**SOURCE DATA**.
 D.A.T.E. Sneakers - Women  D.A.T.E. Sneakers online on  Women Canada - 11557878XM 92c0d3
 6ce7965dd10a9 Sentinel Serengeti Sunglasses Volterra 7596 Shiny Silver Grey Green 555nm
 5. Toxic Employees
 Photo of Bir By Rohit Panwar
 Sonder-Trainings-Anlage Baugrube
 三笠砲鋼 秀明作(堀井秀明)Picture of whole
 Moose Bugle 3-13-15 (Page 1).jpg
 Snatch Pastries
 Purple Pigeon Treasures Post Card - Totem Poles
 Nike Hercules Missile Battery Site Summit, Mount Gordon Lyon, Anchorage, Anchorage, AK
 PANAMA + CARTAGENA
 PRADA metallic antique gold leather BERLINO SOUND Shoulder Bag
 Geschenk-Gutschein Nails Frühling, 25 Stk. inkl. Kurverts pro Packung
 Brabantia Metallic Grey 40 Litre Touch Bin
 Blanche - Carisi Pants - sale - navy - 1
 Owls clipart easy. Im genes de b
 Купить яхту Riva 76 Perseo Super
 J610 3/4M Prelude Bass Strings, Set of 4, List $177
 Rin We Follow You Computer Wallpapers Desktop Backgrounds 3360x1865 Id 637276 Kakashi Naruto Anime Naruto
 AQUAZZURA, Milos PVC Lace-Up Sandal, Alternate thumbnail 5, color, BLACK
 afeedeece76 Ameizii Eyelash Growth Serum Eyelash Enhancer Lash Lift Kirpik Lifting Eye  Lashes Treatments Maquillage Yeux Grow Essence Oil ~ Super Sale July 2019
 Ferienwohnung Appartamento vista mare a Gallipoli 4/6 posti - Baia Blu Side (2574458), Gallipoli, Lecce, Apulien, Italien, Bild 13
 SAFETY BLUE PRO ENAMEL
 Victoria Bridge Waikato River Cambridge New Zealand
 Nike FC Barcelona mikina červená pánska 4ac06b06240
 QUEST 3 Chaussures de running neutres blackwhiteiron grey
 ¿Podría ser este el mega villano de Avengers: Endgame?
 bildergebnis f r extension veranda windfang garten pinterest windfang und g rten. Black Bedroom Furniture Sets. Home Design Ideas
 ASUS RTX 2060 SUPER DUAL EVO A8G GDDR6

**TRY IT**. The entries above hold a line with "Blanche - Carisi Pants - sale - navy - 1" and a later line with "AQUAZZURA, Milos PVC". Write out exactly those lines and all lines between, nothing more.

**ANSWER SPACE**.
 Blanche - Carisi Pants - sale - navy - 1
 Owls clipart easy. Im genes de b
 Купить яхту Riva 76 Perseo Super
 J610 3/4M Prelude Bass Strings, Set of 4, List $177
 Rin We Follow You Computer Wallpapers Desktop Backgrounds 3360x1865 Id 637276 Kakashi Naruto Anime Naruto
 AQUAZZURA, Milos PVC Lace-Up Sandal, Alternate thumbnail 5, color, BLACK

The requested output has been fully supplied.